The Complaint is otherwise devoid of factual allegations sufficient to show that USAA GIC acted in bad faith. Without more, Plaintiffs cannot sustain a bad faith claim and Claim II is dismissed without prejudice.
IV. CONCLUSION In addition to the Parties’ previously agreed-upon dismissal of Plaintiffs’ request for punitive damages in Count III and the unjust enrichment claim in Count IV, and for the reasons stated above, Count I is dismissed with prejudice, and Count II is dismissed without prejudice. Plaintiffs’ Count III breach of contract claim will otherwise proceed to discovery. An accompanying order follows.
BY THE COURT:
/s/ CHAD F. KENNEY CHAD F. KENNEY, J.
[1] Plaintiffs plead two “Count III”s in their Complaint. Compl. ¶¶ 42–52. The claim for unjust enrichment follows Plaintiffs’ breach of contract claim, which is properly numbered as Count III. For that reason, the Court refers to the unjust enrichment claim as Count IV.
[2] Although not entirely clear to the Court, it appears that Plaintiffs allege that “[t]o date, the Plaintiffs and U.S.A.A. have been unable to resolve the Plaintiffs’ right to recover damages under said policy and/or the amount of his damages.” Compl. ¶ 45. This indicates to the Court that benefits have not been outright denied, but that the issues of entitlement to benefits and benefits to be paid remain unresolved between the parties.
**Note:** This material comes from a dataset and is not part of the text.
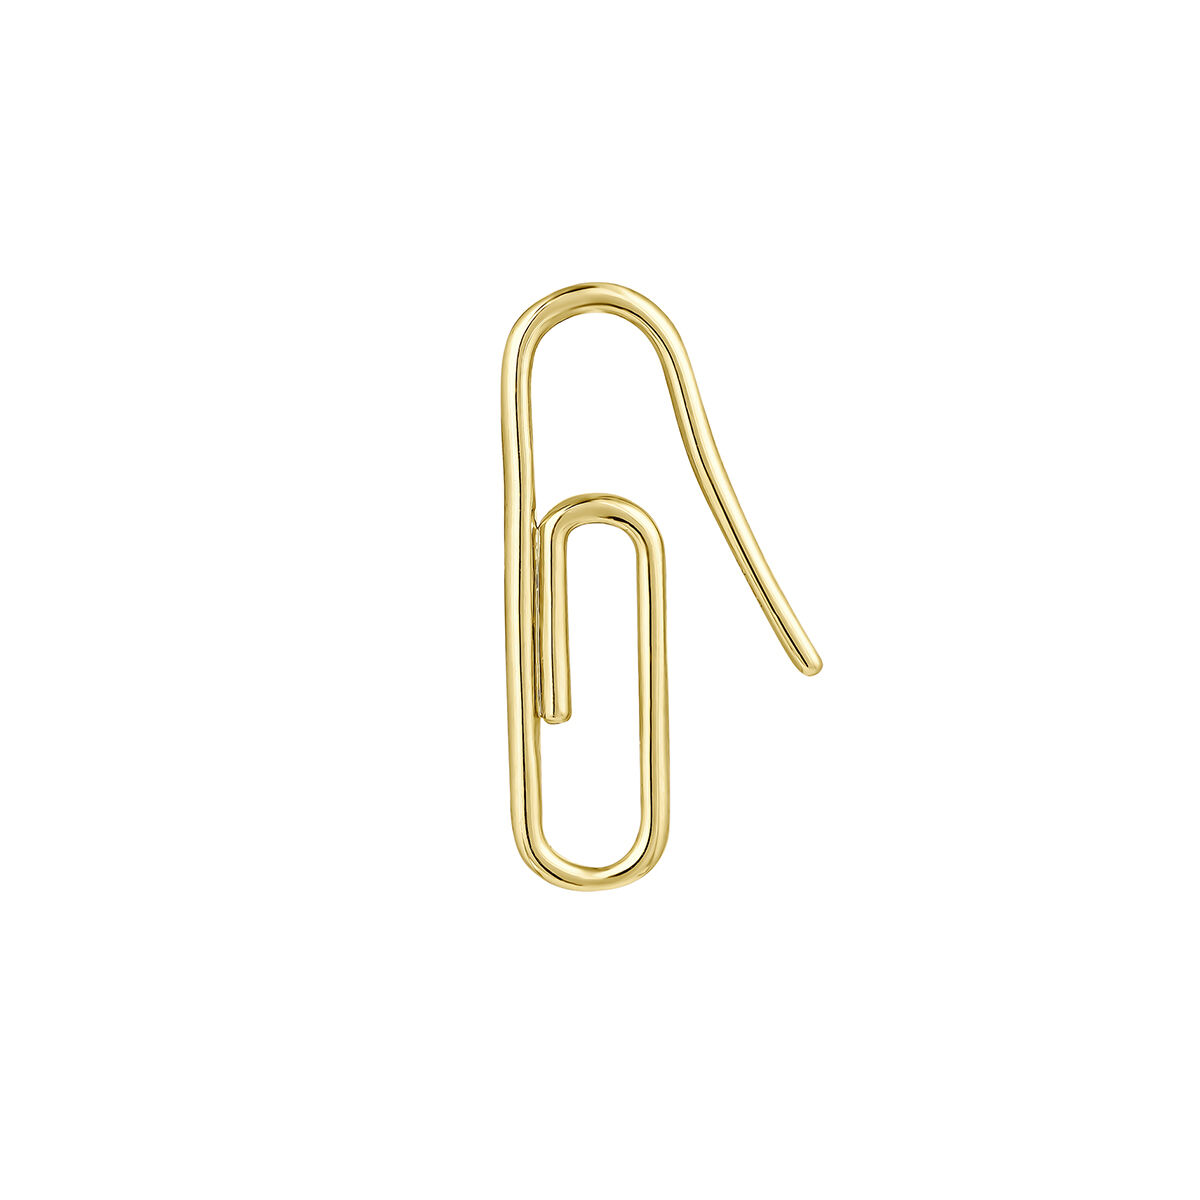 Gold paperclip earring, J05020-02-H, hi-res

However, Plaintiffs’ Complaint repeatedly refers to a denial of benefits seemingly in the alternative without further discussion of a denial date or settlement offer amount. , id. ¶¶ 18; 21.
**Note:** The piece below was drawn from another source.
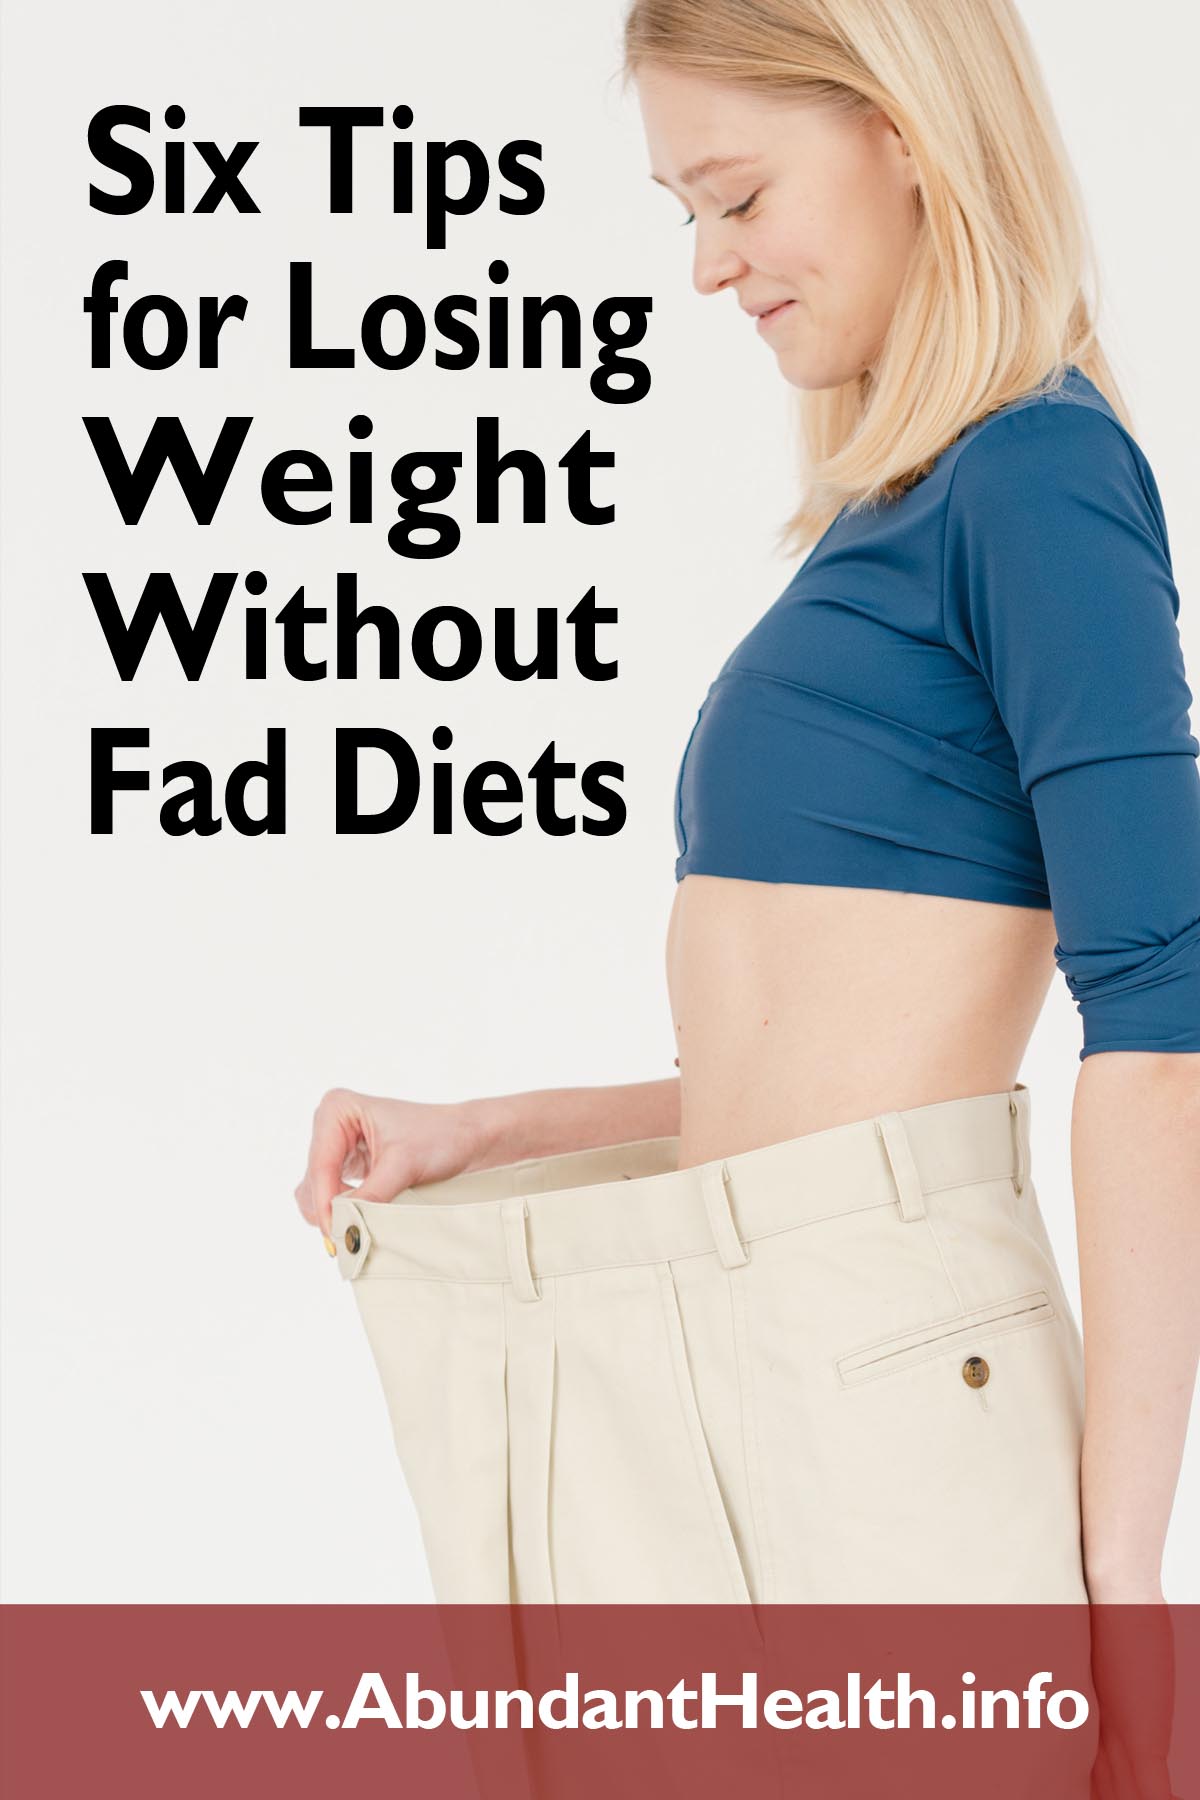 Six Tips for Losing Weight Without Fad Diets

[3] Irrespective of the Court’s determination that Count I pleads a breach of the implied covenant of good faith and fair dealing, Plaintiffs purport to plead a breach of the same contract in both Count I and Count III, and duplicative claims should be dismissed. , Brown & Brown, Inc. v. Cola , 745 F. Supp. 2d 588, 626 (E.D. Pa. 2010) (recognizing authority of court to dismiss duplicative claims).
[4] Dismissal with prejudice is warranted where, as here, amendment would be futile. See Shane v. Fauver , 213 F.3d 113, 117 (3d Cir. 2000).
[5] Plaintiffs allege in cursory fashion that “Defendant also committed bad faith in ignoring said documentation and without reason significantly undervaluing the Plaintiffs’ UIM claim.” Compl. ¶ 21. However, the allegation lacks further context and cannot alone sustain a bad faith claim. Furthermore, certain of the allegations purporting to support Plaintiffs’ bad faith claim appear to state a negligence claim against the underinsured motorist. , Compl. ¶¶ 30–41. The Court does not find these allegations to be compelling support for a bad faith insurance claim.